_TASK REQUIREMENTS_
Everything from the line with "La base est" to the end of the data is to be retyped exactly, and nothing else.

_RAW DATA_
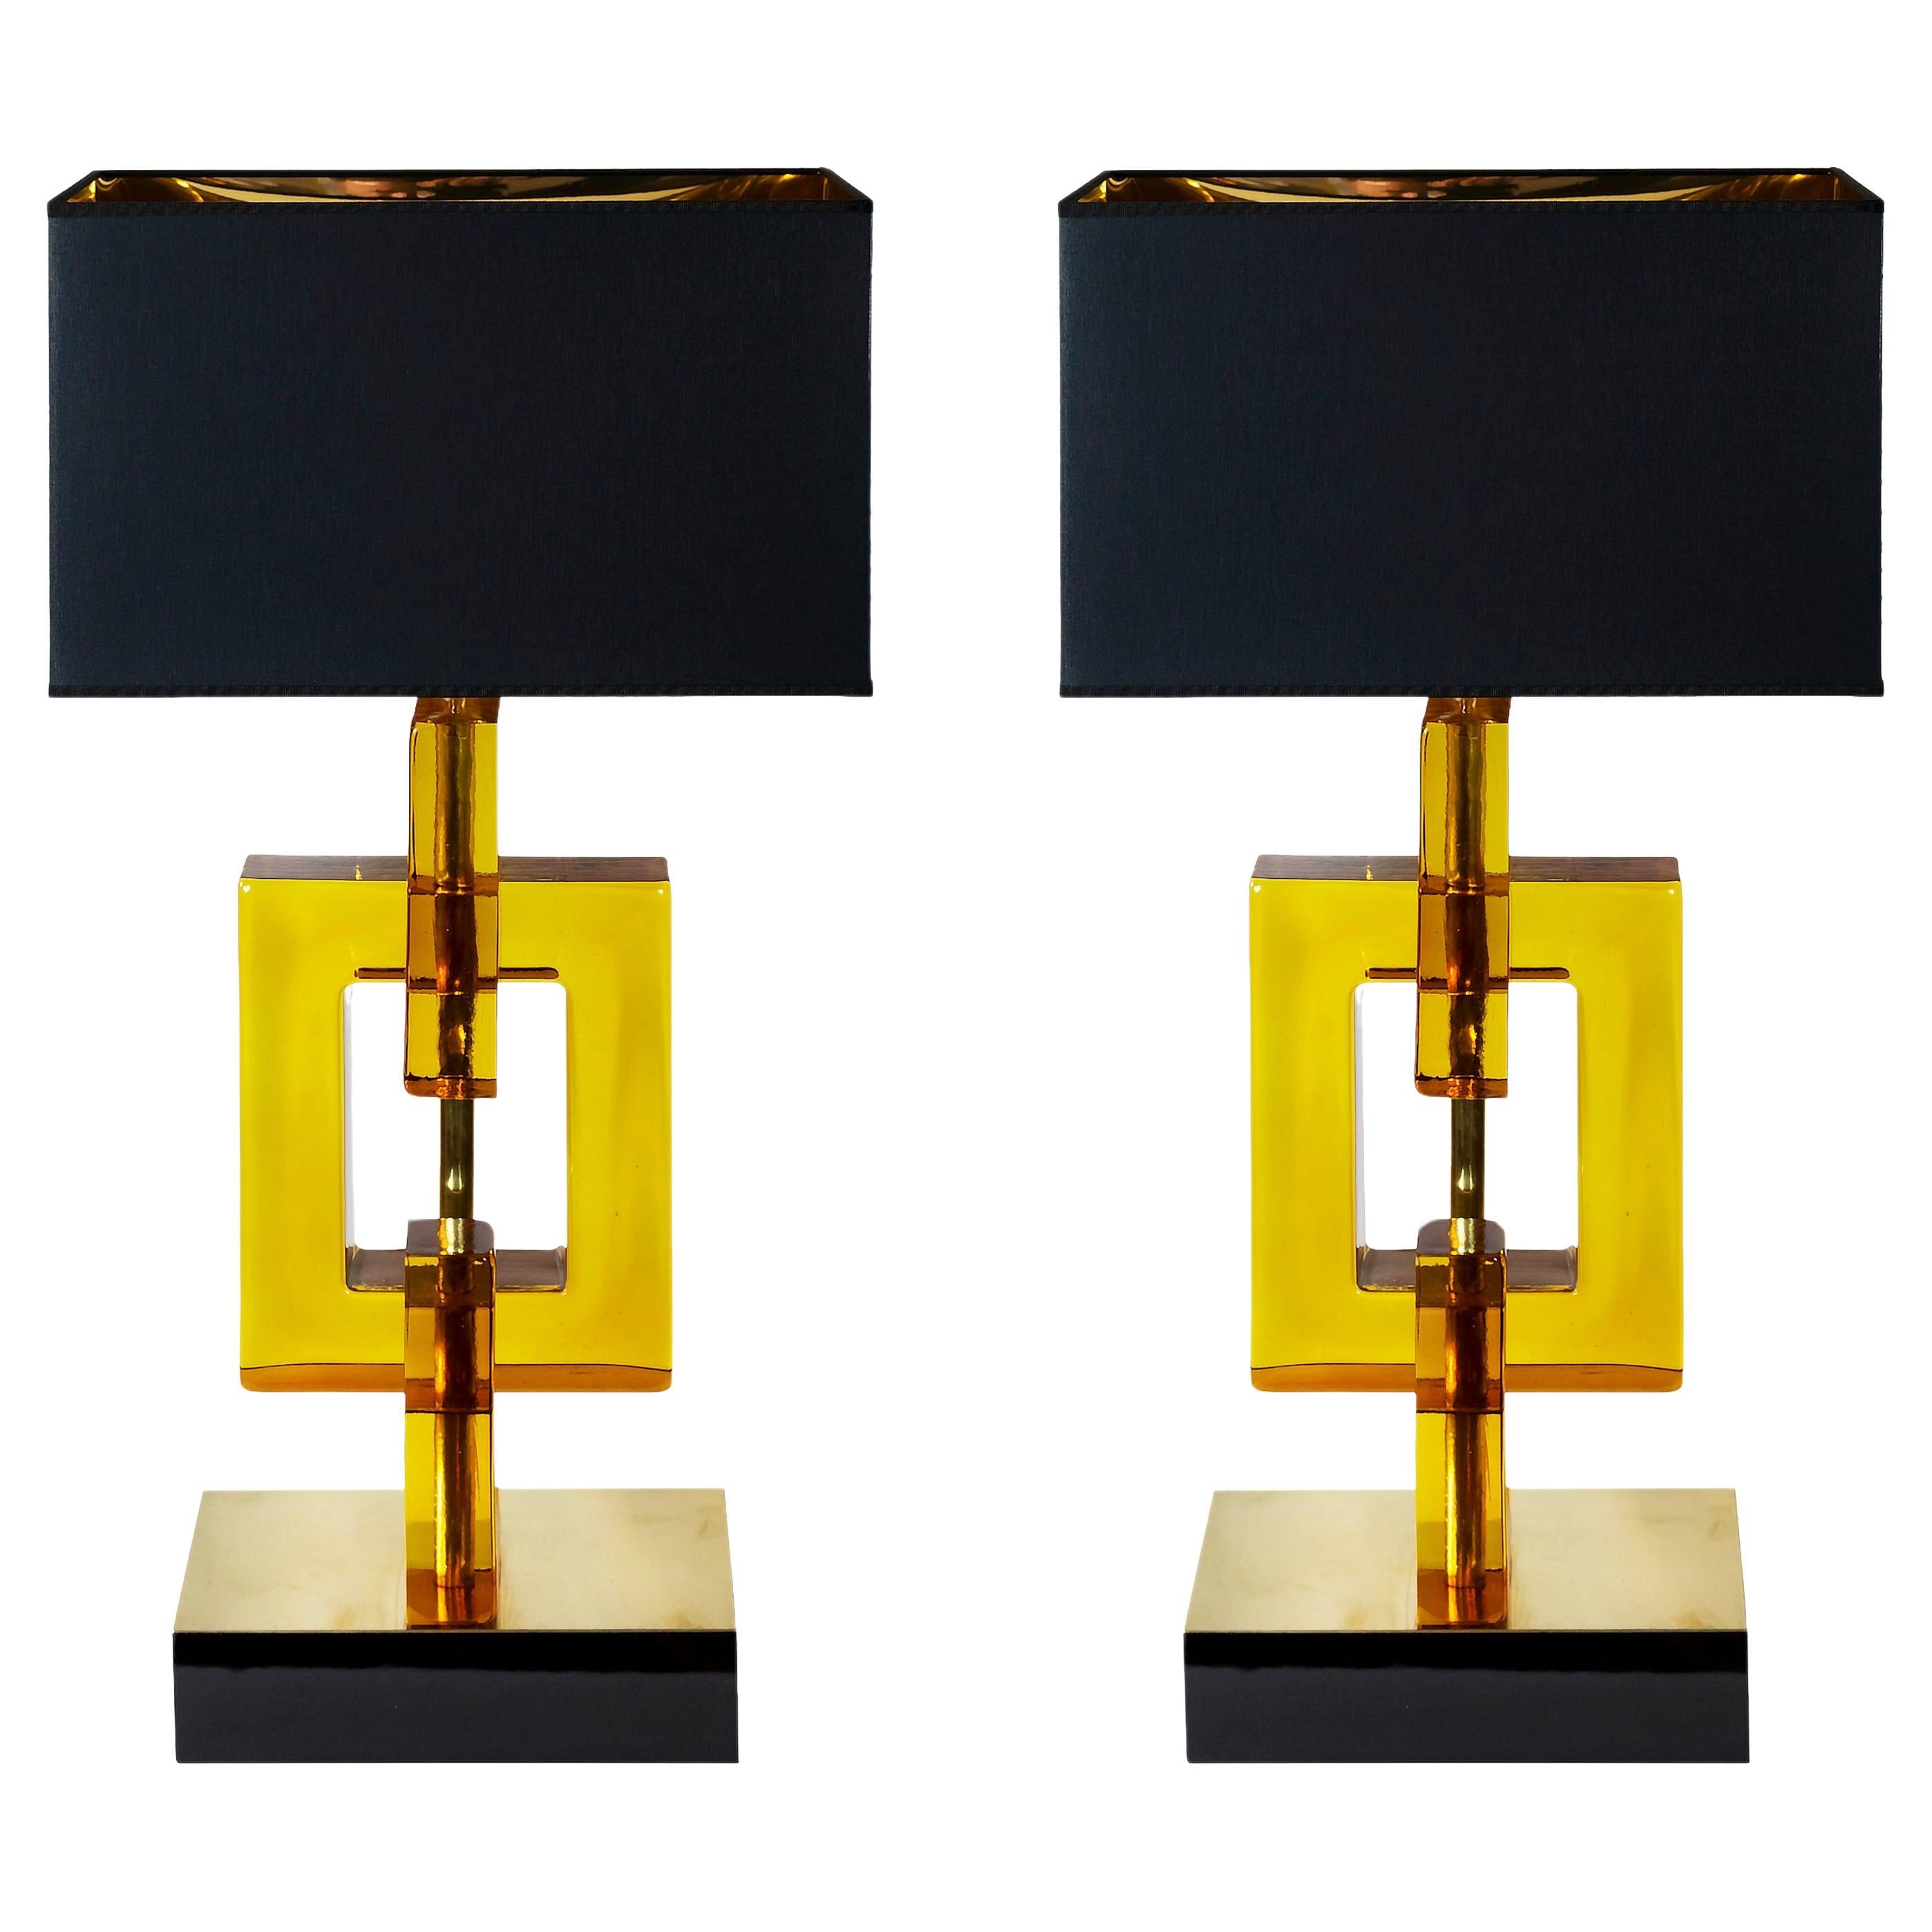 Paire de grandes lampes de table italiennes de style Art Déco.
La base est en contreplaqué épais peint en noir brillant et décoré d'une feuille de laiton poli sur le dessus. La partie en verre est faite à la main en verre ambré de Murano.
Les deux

_COMPLETED TASK_
La base est en contreplaqué épais peint en noir brillant et décoré d'une feuille de laiton poli sur le dessus. La partie en verre est faite à la main en verre ambré de Murano.
Les deux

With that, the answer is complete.